Conference tournament champions
- 2021

Conference regular season champions
- 2015, 2017, 2018, 2021, 2022, 2023, 2024

Conference division regular season champions
- 1998, 2022

= Grand Canyon Antelopes baseball =

American college baseball team

The Grand Canyon Antelopes baseball team represents Grand Canyon University, which is located in Phoenix, Arizona. The Antelopes, also known as the Lopes, are an NCAA Division I college baseball program competing as members of the Mountain West Conference. They were in Division I from 1991 to 1998, the final four seasons in the WAC, and returned to the WAC from 2014 to 2025.

GCU plays all home games on campus at Brazell Field at GCU Ballpark. Over its 18 discontinuous seasons in the WAC, GCU won eight regular-season titles.

In 2024, GCU was recognized as the No. 52 ranked college baseball program in the nation by D1Baseball.

Since the program's inception in 1953, 18 Lopes have gone on to play Major League Baseball, highlighted by 1993 AL Rookie of the Year and 2002 World Series champion Tim Salmon and 2023 sixth overall pick Jacob Wilson. Wilson also became the first Lope to be selected as an MLB All-Star in 2025.

== History ==

=== Founding ===
Dr. Dave Brazell founded Grand Canyon's baseball program and it began play in 1953. The team lost its first game to Phoenix College on March 23, 1953. The team won its first game against Eastern Arizona College on March 27, 1954.

=== NAIA Championships ===
The Lopes won four NAIA National Championships in the 1980s: 1980, 1981, 1982 and 1986.

=== Andy Stankiewicz (2012–22) ===
GCU hired Andy Stankiewicz on April 25, 2011.

Stankiewicz led the program in its final two seasons at the Division II level, the duration of the four-year transition period to the Division I level, and to the school's first two NCAA Division I tournament appearances.

In his first season, Stankiewicz inherited a team with a losing record and went 27–23 in his first season.
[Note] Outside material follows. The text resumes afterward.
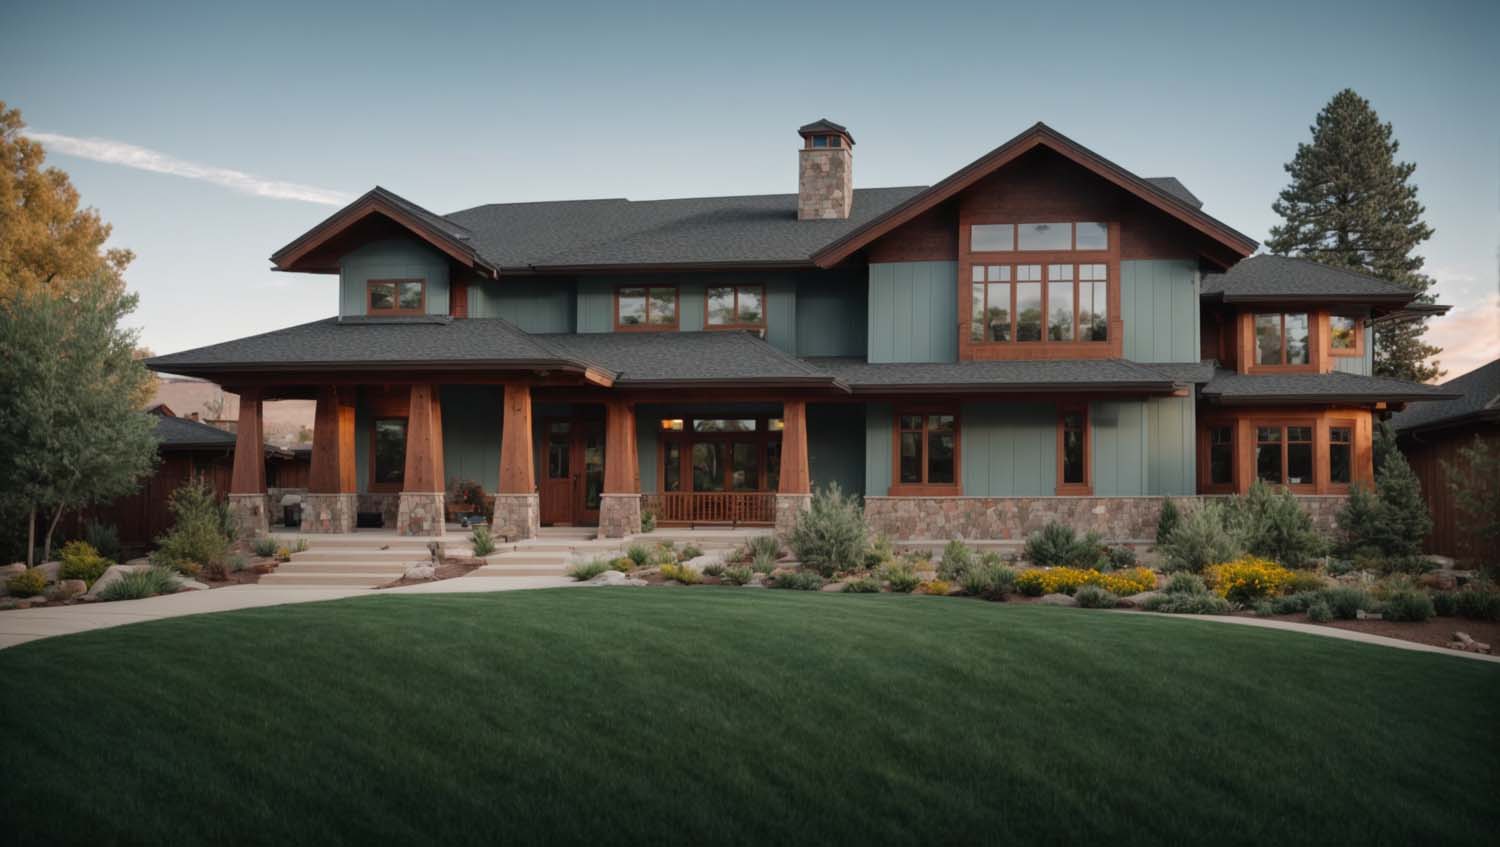 Ranch Style Mansion with Vertical Plank Siding - Siding Colorado in Colorado Springs

In his second season in 2013, Stankiewicz led the Lopes to the D-II College World Series for the first time.

The Lopes found immediate success in 2014, their first back at the D-I level. GCU finished second in the WAC standings.

GCU won its first outright WAC regular-season championship in 2015. The Lopes won the 2017, 2018, 2021 and 2022 WAC regular-season titles under Stankiewicz.

Stankiewicz led GCU to its first WAC Tournament Championship in 2021 and first trip to the NCAA tournament.

Despite entering the 2022 WAC Tournament as the No. 1 seed, Grand Canyon went 2–2 to get eliminated from the tournament. Carried by a strong regular-season campaign and a No. 50 RPI, the Lopes earned their first at-large selection into the NCAA tournament.

Stankiewicz was announced as USC's head coach on July 3, 2022, ending an 11-year run leading the program.

=== Gregg Wallis (2023–26) ===
A nine-year assistant coach under Stankiewicz, Wallis had departed GCU following the 2022 season to take an assistant coach position on Bill Mosiello's staff at Ohio State. GCU brought Wallis back to be its head coach, making the official announcement on July 8, 2022.

Wallis continued GCU's streak of WAC regular-season success by winning championships in 2023 and 2024. GCU did not win the WAC Tournament in either season.

The Lopes advanced to the 2024 NCAA tournament after Tarleton State — ineligible for NCAA postseason as a transitioning school — went on to win the conference tournament. GCU took advantage of its second life, winning its first D-I NCAA tournament game in program history by defeating Arizona 9-4 on May 31 in front of the largest crowd in Hi Corbett Field history. The Lopes took it a step further, recovering from a June 1 loss to West Virginia by defeating Dallas Baptist to advance to the regional final. GCU lost to West Virginia again to end the Lopes' most successful postseason run at the D-I level.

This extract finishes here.